Pytorch implementation for Patient Knowledge Distillation for BERT Model Compression

Overview

Patient Knowledge Distillation for BERT Model Compression

Knowledge distillation for BERT model

Installation

Run command below to install the environment

conda install pytorch torchvision cudatoolkit=10.0 -c pytorch
pip install -r requirements.txt

Training

Objective Function

L = (1 - \alpha) L_CE + \alpha * L_DS + \beta * L_PT,

where L_CE is the CrossEntropy loss, DS is the usual Distillation loss, and PT is the proposed loss. Please see our paper below for more details.

Data Preprocess

Modify the HOME_DATA_FOLDER in envs.py and put all data under it (by default it is ./data), RTE data is uploaded for your convenience.

  • The folder name under HOME_DATA_FOLDER should be
    • data_raw: store the raw datas of all tasks. So put downloaded raw data under here
      • MRPC
      • RTE
      • ... (other tasks)
    • data_feat: store the tokenized data under this folder (optional)
      • MRPC
      • RTE
      • ...
  • models
    • pretrained: put downloaded pretrained model (bert-base-uncased) under this folder

Predefinted Training

Run NLI_KD_training.py to start training, you can set DEBUG = True to run some pre-defined arguments

  • set argv = get_predefine_argv('glue', 'RTE', 'finetune_teacher') or argv = get_predefine_argv('glue', 'RTE', 'finetune_student') to start the normal fine-tuning
  • run run_glue_benchmark.py to get teacher's prediction for KD or PKD.
    • set output_all_layers = True for patient teacher
    • set output_all_layers = False for normal teacher
  • set argv = get_predefine_argv('glue', 'RTE', 'kd') to start the vanilla KD
  • set argv = get_predefine_argv('glue', 'RTE', 'kd.cls') to start the vanilla KD

Contributing

This project welcomes contributions and suggestions. Most contributions require you to agree to a Contributor License Agreement (CLA) declaring that you have the right to, and actually do, grant us the rights to use your contribution. For details, visit https://cla.opensource.microsoft.com.

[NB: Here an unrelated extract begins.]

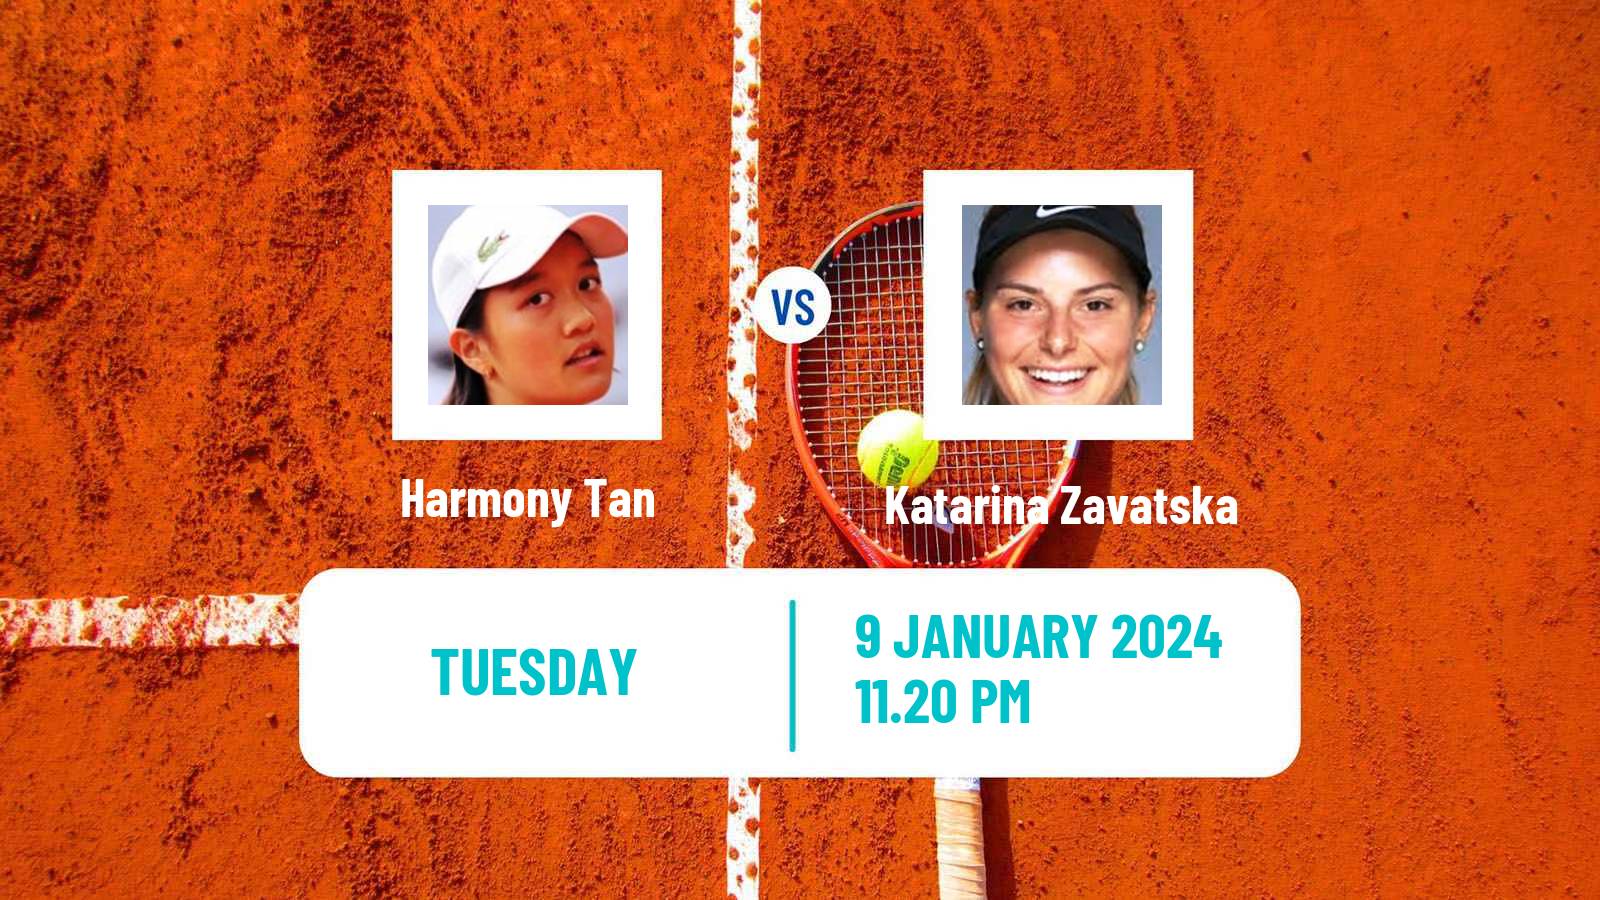 Tennis WTA Australian Open Harmony Tan - Katarina Zavatska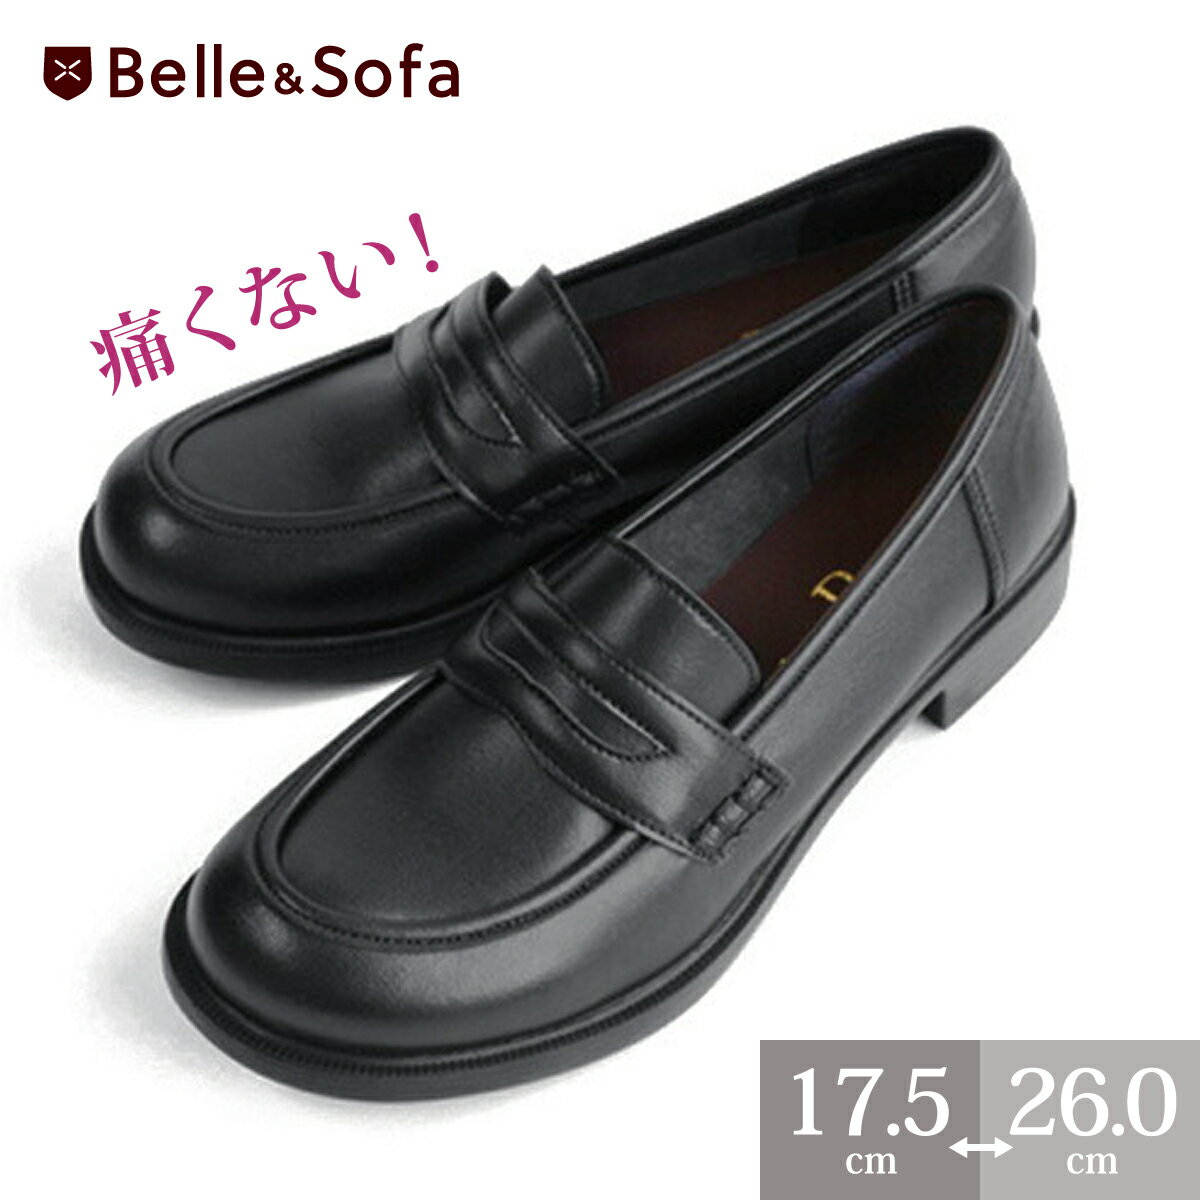 やさしい靴工房Belle&Sofa]『ソフトコインローファーA6407』

When you submit a pull request, a CLA bot will automatically determine whether you need to provide a CLA and decorate the PR appropriately (e.g., status check, comment). Simply follow the instructions provided by the bot. You will only need to do this once across all repos using our CLA.

This project has adopted the Microsoft Open Source Code of Conduct. For more information see the Code of Conduct FAQ or contact [email protected] with any additional questions or comments.

Citation

If you find this code useful for your research, please consider citing:

@article{sun2019patient,
title={Patient Knowledge Distillation for BERT Model Compression},
author={Sun, Siqi and Cheng, Yu and Gan, Zhe and Liu, Jingjing},
journal={arXiv preprint arXiv:1908.09355},
year={2019}
}

Paper is available at here.

Comments
  • Reproducing results

    Reproducing results

    Nice paper! Thanks for sharing the code. I was trying to reproduce your results. It would be great if you could share the best hyperparameter for each GLUE task? For example with the command: $ python NLI_KD_training.py

    For RTE I was able to get following results:

    acc = 0.6216666666666667
    eval_loss = 1.3263624415118644
    

    BUT

    With only change at line 34 to argv = get_predefine_argv('glue', 'MRPC', 'finetune_student') I got:

    acc = 0.28289855072463765
    acc_and_f1 = 0.14144927536231883
    eval_loss = 3.820818234373022
    f1 = 0.0
    
    opened by pawankmrs 3
  • How do I run student predictions?

    How do I run student predictions?

    Hey, I am trying to reproduce your results, and am interested in training several students with different number of hidden layers. I want to submit the student predictions on GLUE website. I have been able too train student models with PKD-skip procedure.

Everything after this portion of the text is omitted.